Punctelia pseudocoralloidea

Scientific classification
- Domain: Eukaryota
- Kingdom: Fungi
- Division: Ascomycota
- Class: Lecanoromycetes
- Order: Lecanorales
- Family: Parmeliaceae
- Genus: Punctelia
- Species: P. pseudocoralloidea
- Binomial name: Punctelia pseudocoralloidea (Gyeln.) Elix & Kantvilas (2001)
- Synonyms: Parmelia pseudocoralloidea Gyeln. (1931);

= Punctelia pseudocoralloidea =

Species of lichen

Punctelia pseudocoralloidea is a species of foliose lichen in the family Parmeliaceae. It is found in Australia, where it grows on bark and on wood.

==Taxonomy==
The lichen was first formally described as a new species by Hungarian lichenologist Vilmos Kőfaragó-Gyelnik in 1931. The type specimen was collected near the lower Murray River by Charles French in 1887, and sent to Gyelnik for identification. In 1983, David John Galloway and John Elix proposed synonymising Parmelia pseudocoralloidea with Parmelia subrudecta, but later research suggested that this taxon is heterogeneous. For this reason, the name P. pseudocoralloidea was retained for use with the Australian species, as the type was collected from the Australian mainland, in contrast to the type for P. subrudecta, which was collected from Saint Paul Island.

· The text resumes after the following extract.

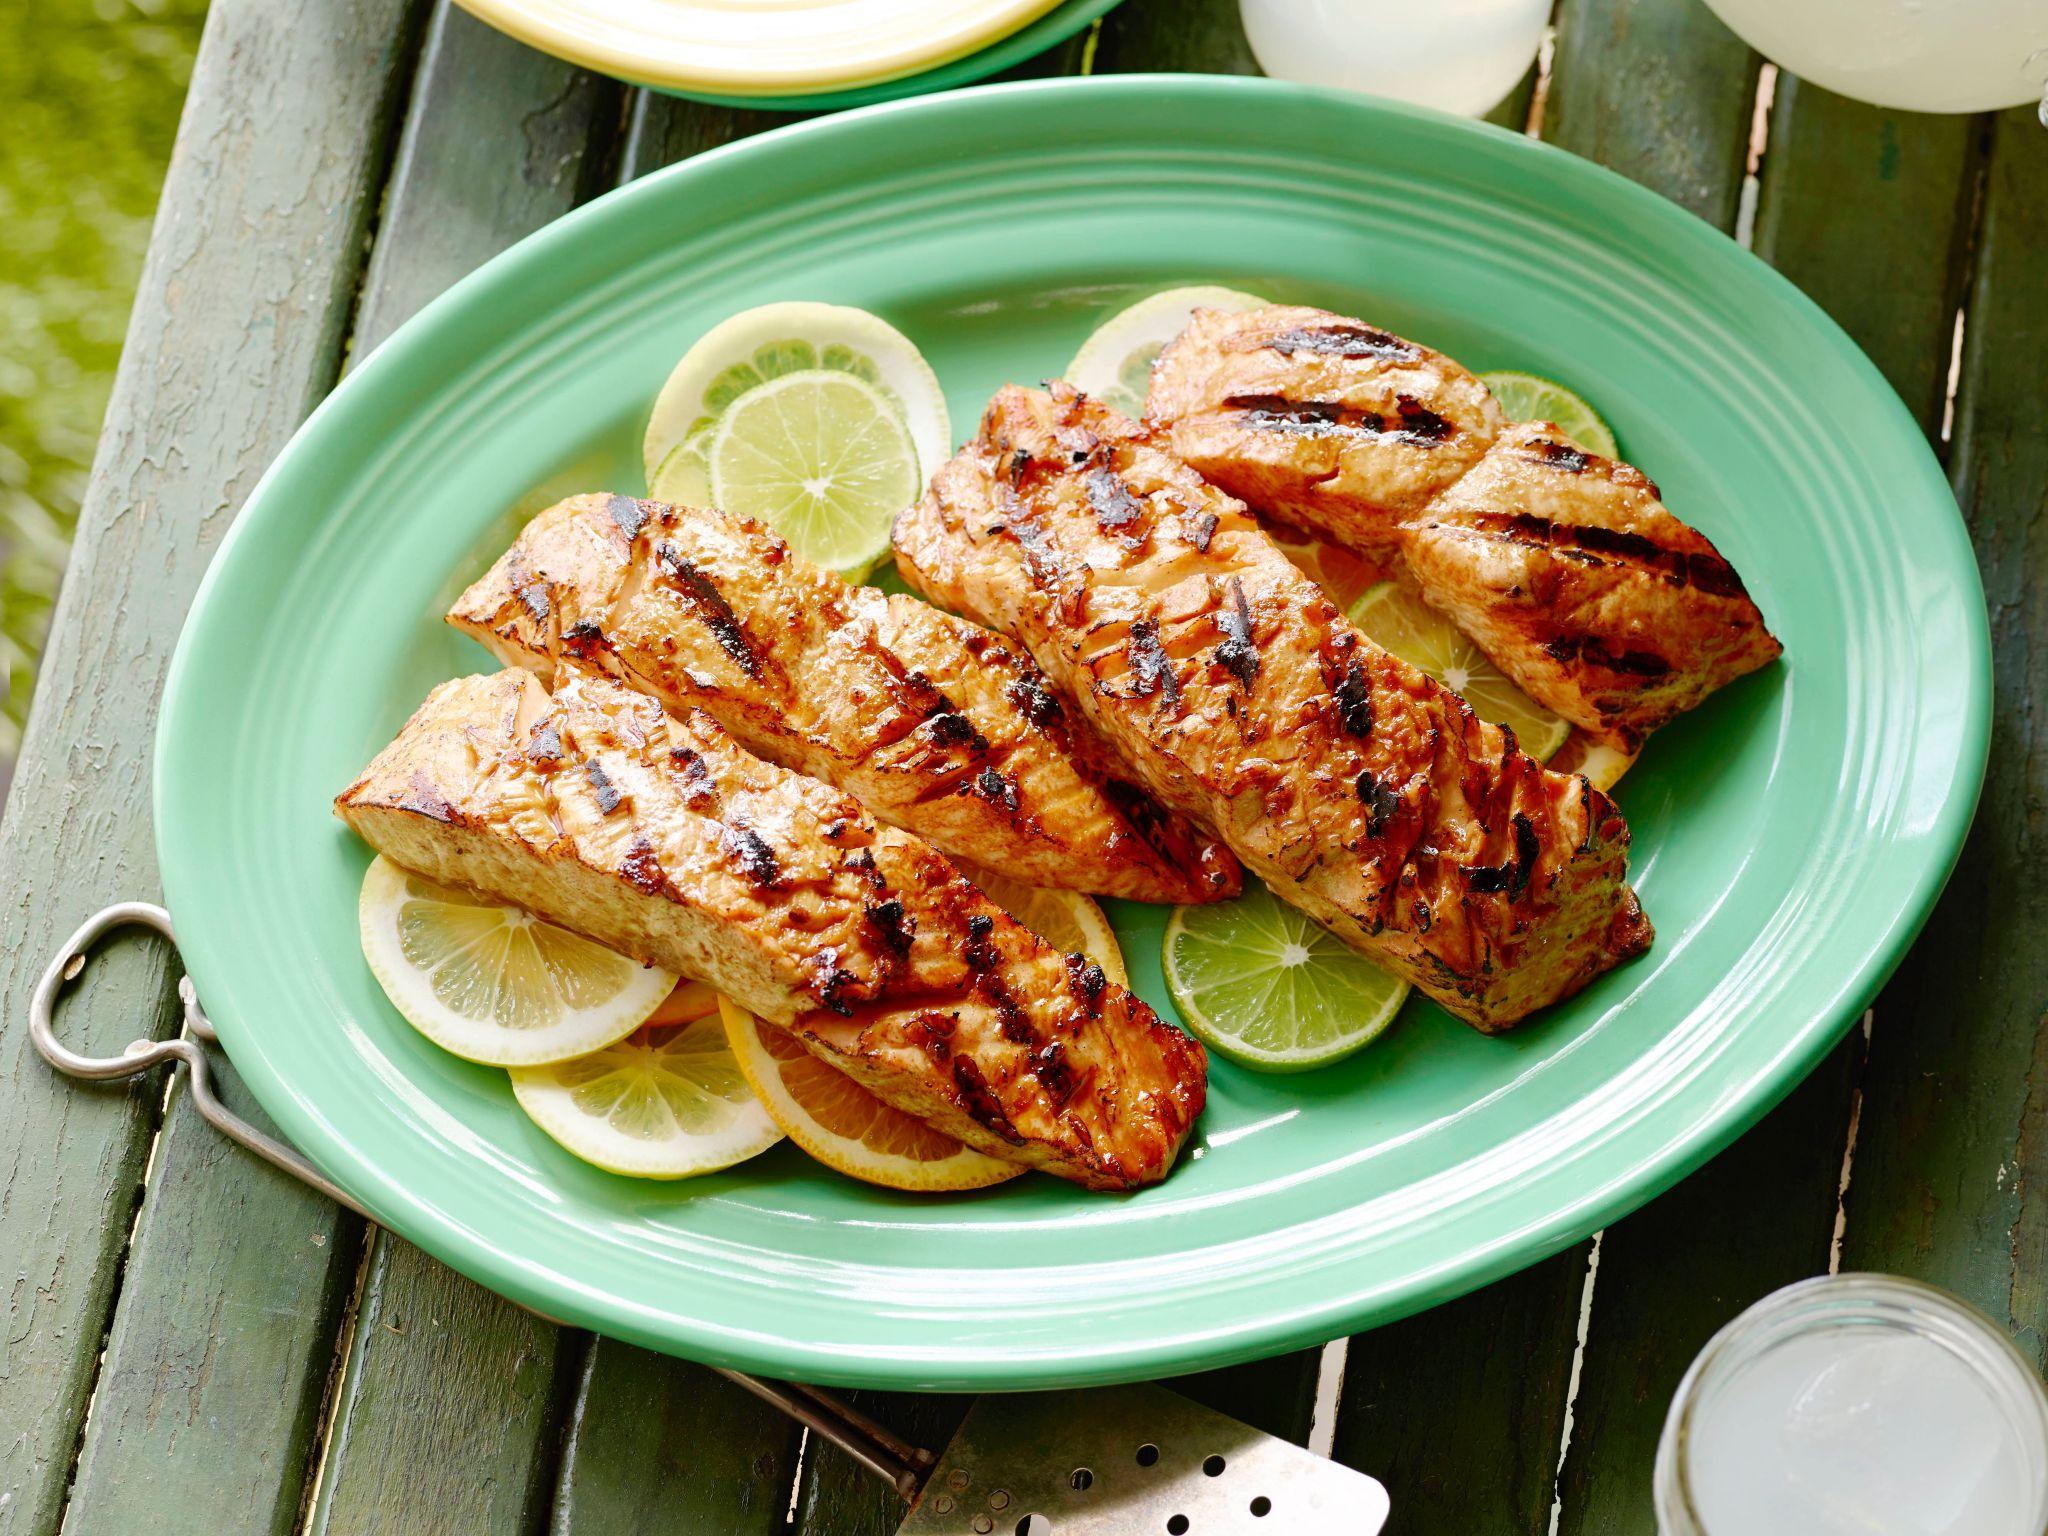 Citrus-Glazed Salmon Citrus-Glazed Salmon new photo

Seven decades after Gyelnik's original publication, John Elix and Gintaras Kantvilas proposed transferring the taxon to Punctelia – a genus characterized by the presence of point-like (punctate) pseudocyphellae. The lichen is a member of the species complex that includes Punctelia subrudecta and P. perriticulata.

==Distribution==
Punctelia pseudocoralloidea grows on bark and on wood. On Kangaroo Island, it has been recorded growing in low coastal woodland dominated by Allocasuarina verticillata, and it often occurs along with Anisomeridium austroaustraliense and Flavoparmelia rutidota. Punctelia pseudocoralloidea has also been recorded in Little Swanport, Tasmania, and from New South Wales.